THE DATA:
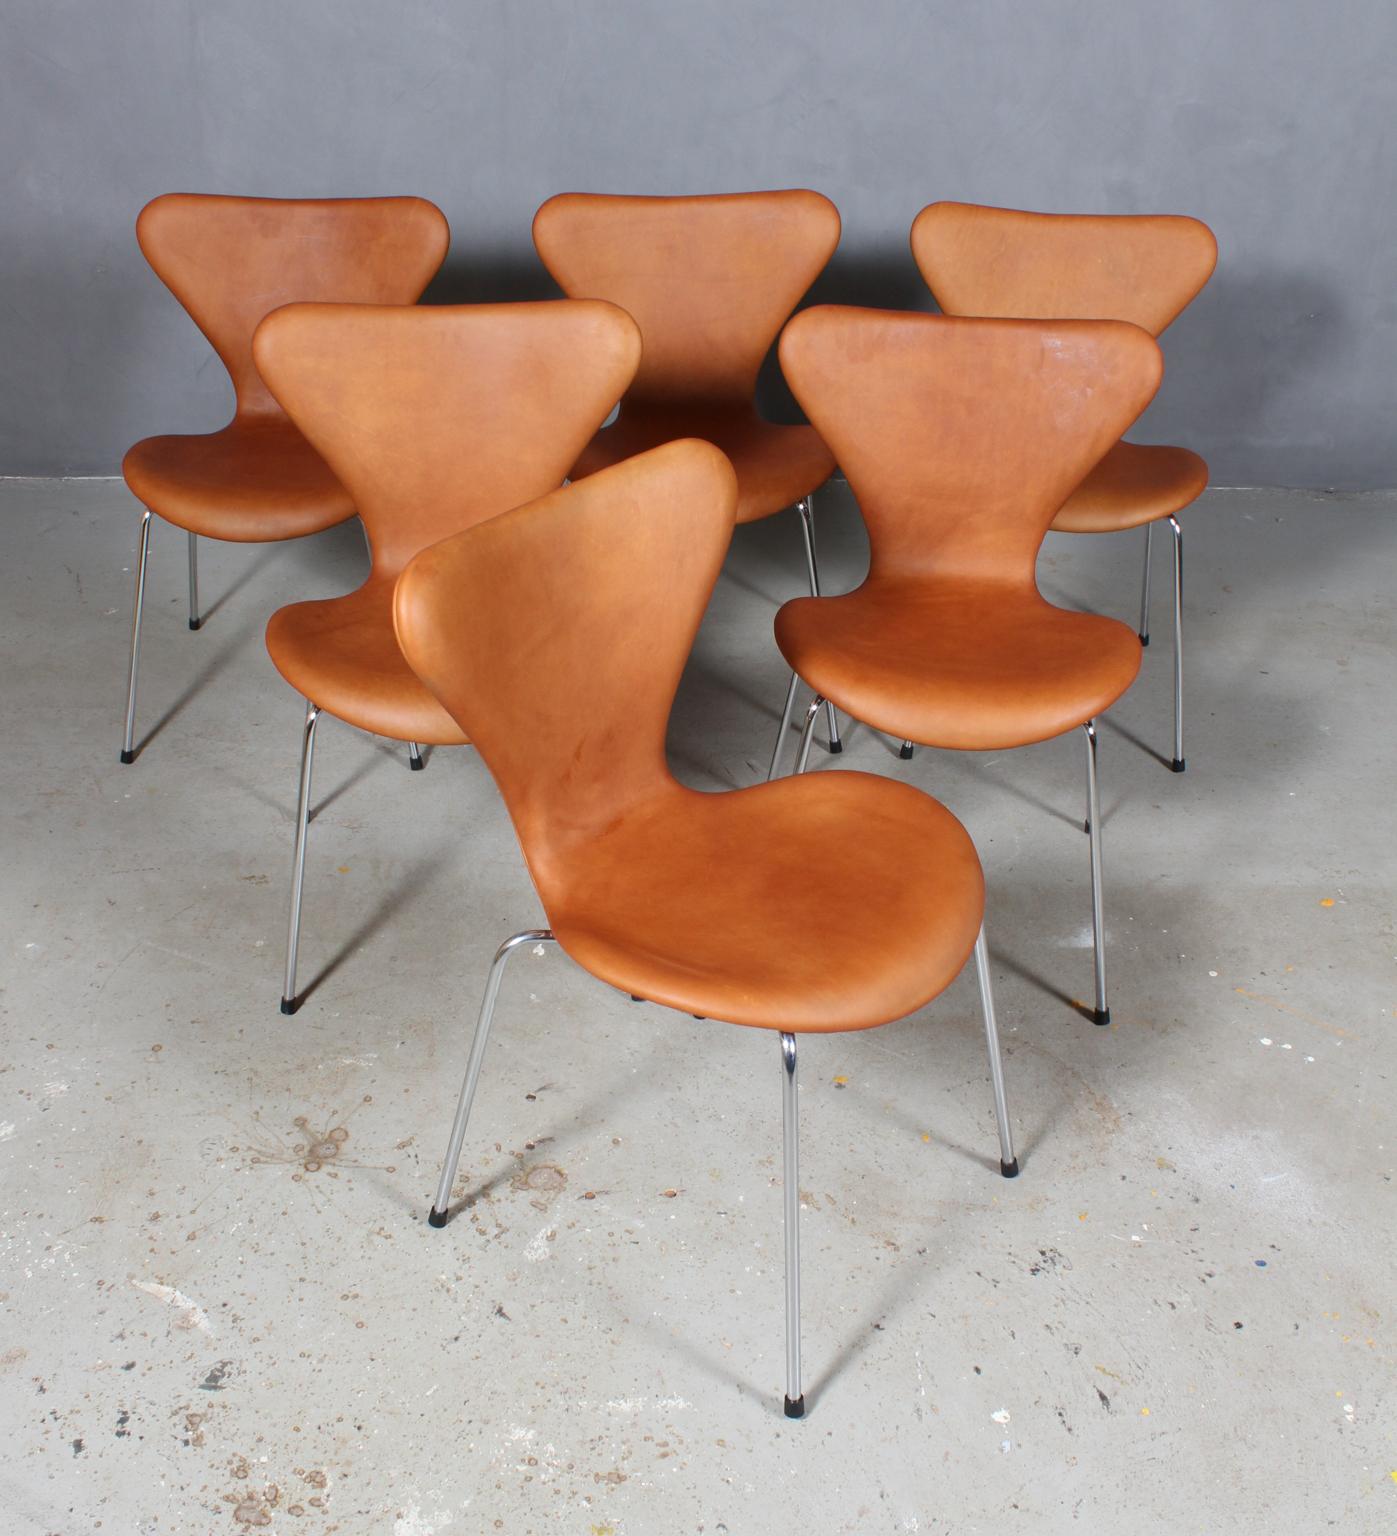 Chaise de salle à manger Arne Jacobsen nouvellement tapissée de cuir aniline vintage cognac.

Base en tube d'acier chromé.

Modèle 3107 Syveren, fabriqué par Fritz Hansen.

TASK DESCRIPTION: Leaving out only the pictures, reproduce the listing exactly.

REPLY TO THE EXERCISE:
 Chaise de salle à manger Arne Jacobsen nouvellement tapissée de cuir aniline vintage cognac.

Base en tube d'acier chromé.

Modèle 3107 Syveren, fabriqué par Fritz Hansen.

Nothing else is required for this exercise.